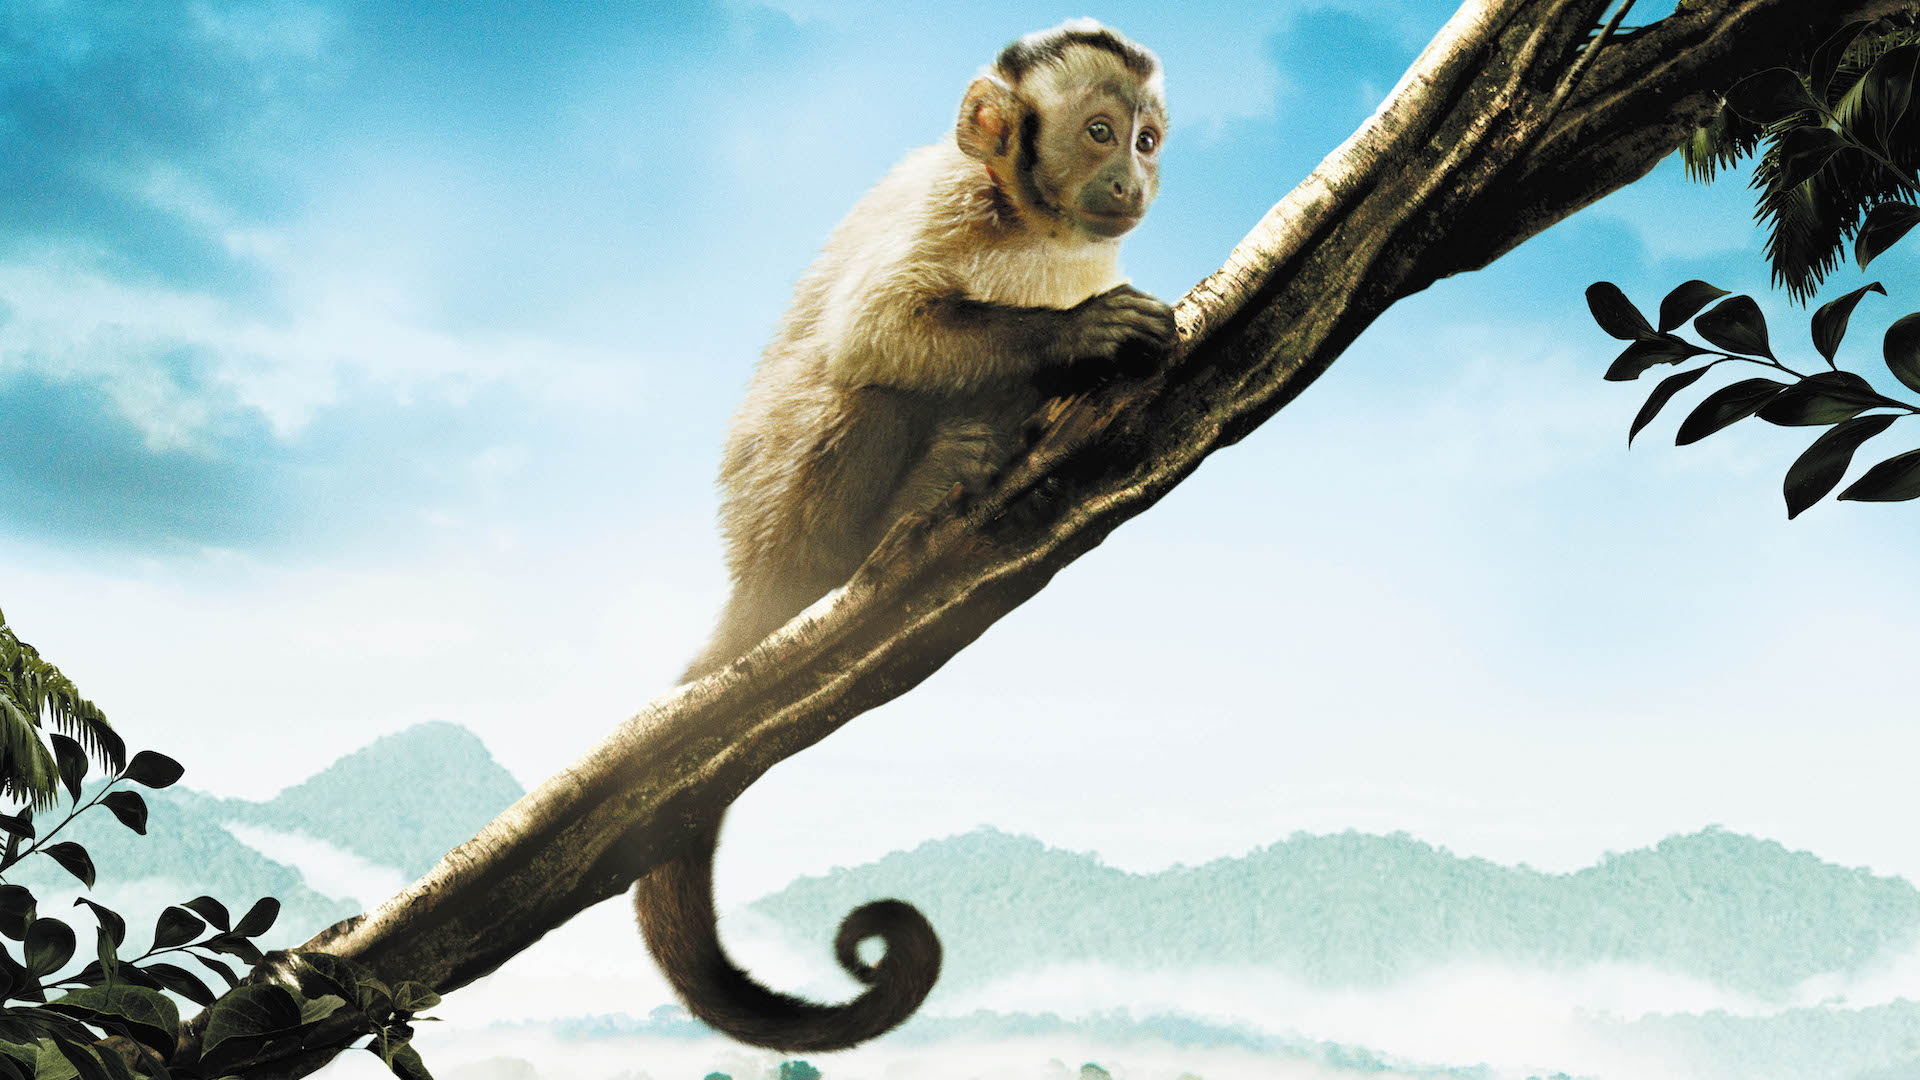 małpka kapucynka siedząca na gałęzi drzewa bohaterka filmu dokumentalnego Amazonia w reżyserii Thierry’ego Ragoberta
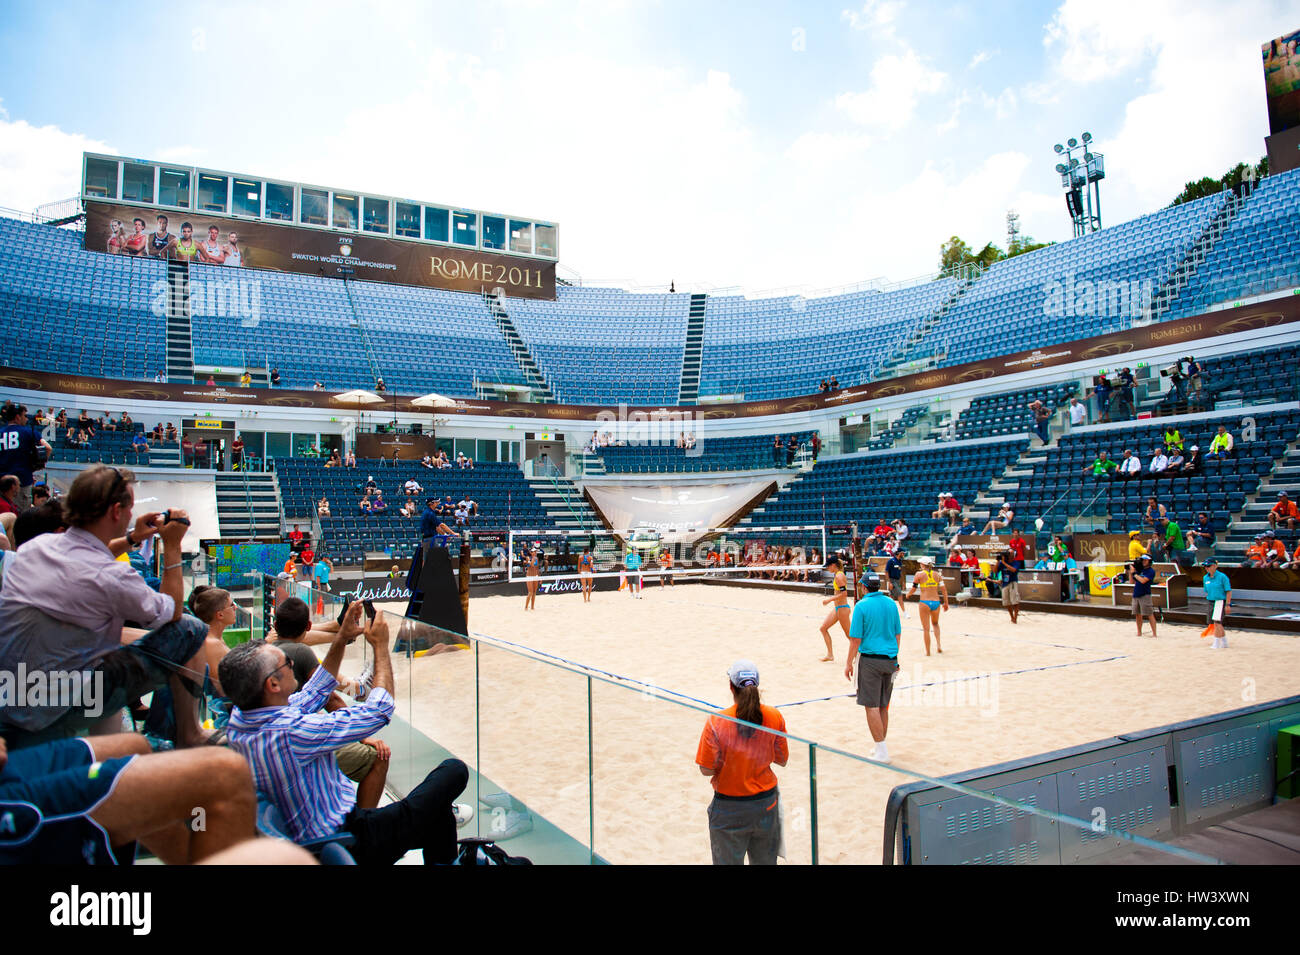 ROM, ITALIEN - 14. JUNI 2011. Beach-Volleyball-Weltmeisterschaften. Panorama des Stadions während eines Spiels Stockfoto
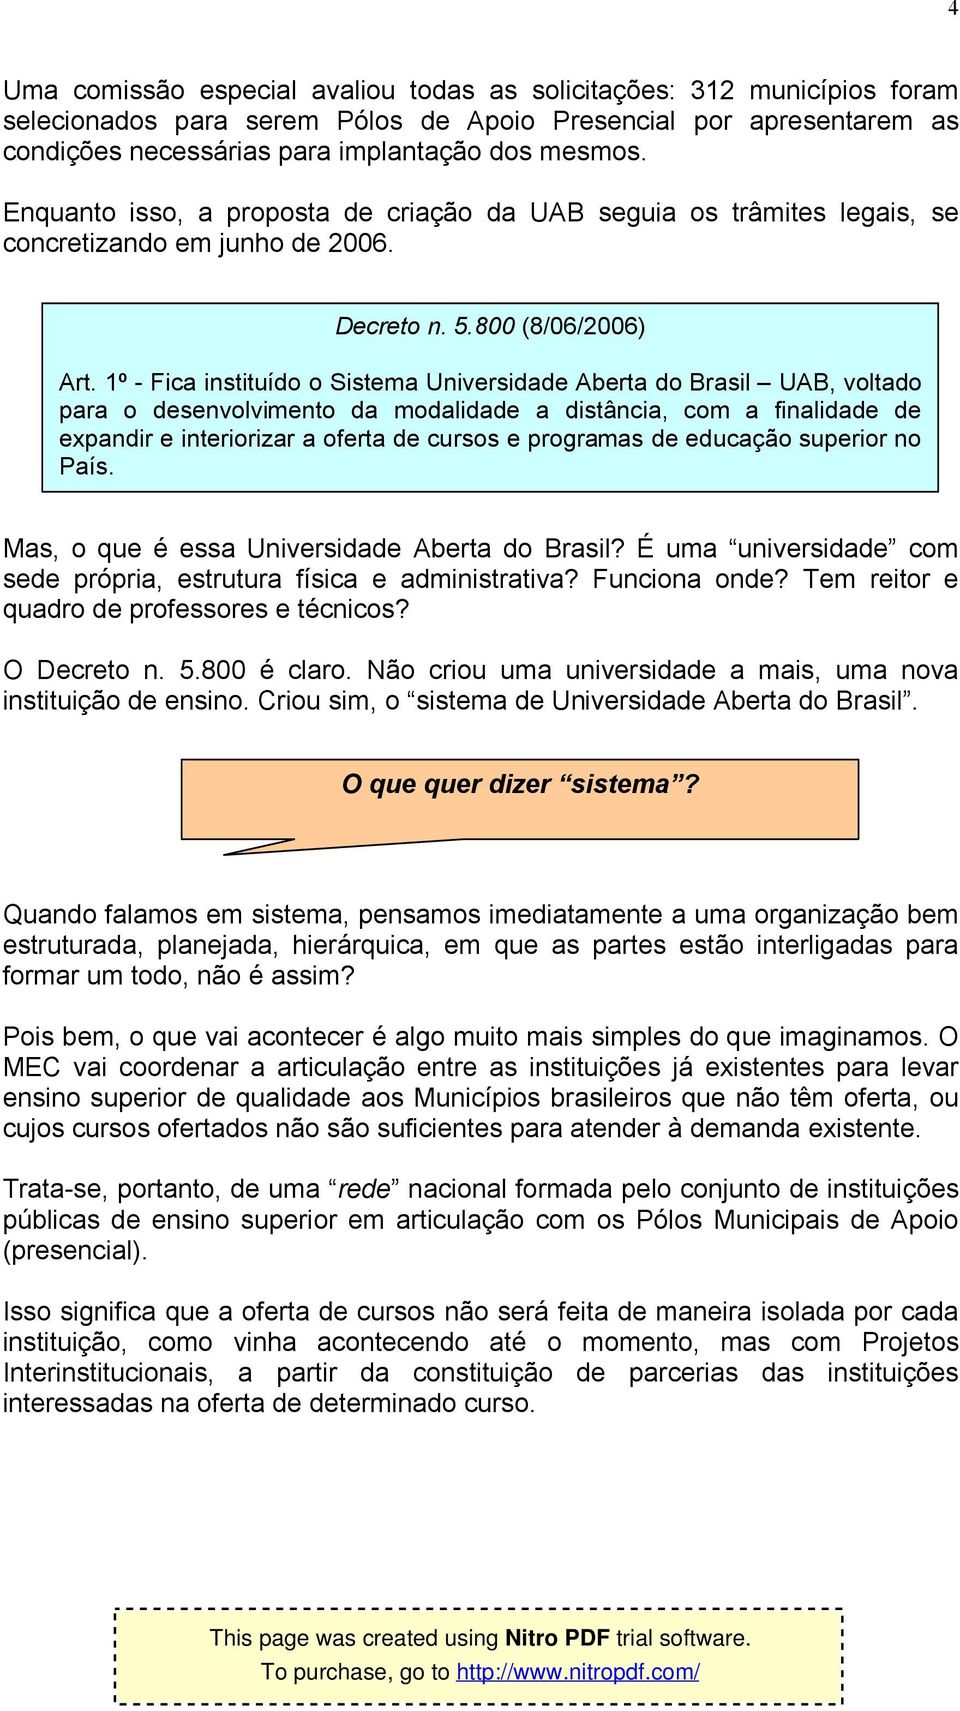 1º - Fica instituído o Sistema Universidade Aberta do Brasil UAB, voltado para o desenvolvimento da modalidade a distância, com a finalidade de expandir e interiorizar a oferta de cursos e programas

**Assignment**
Pictures are to be dropped, and the lines from the line with "ROM, ITALIEN - 14." through the end of the material above are to be reproduced exactly.

**Finished task**
 ROM, ITALIEN - 14. JUNI 2011. Beach-Volleyball-Weltmeisterschaften. Panorama des Stadions während eines Spiels Stockfoto
 1º - Fica instituído o Sistema Universidade Aberta do Brasil UAB, voltado para o desenvolvimento da modalidade a distância, com a finalidade de expandir e interiorizar a oferta de cursos e programas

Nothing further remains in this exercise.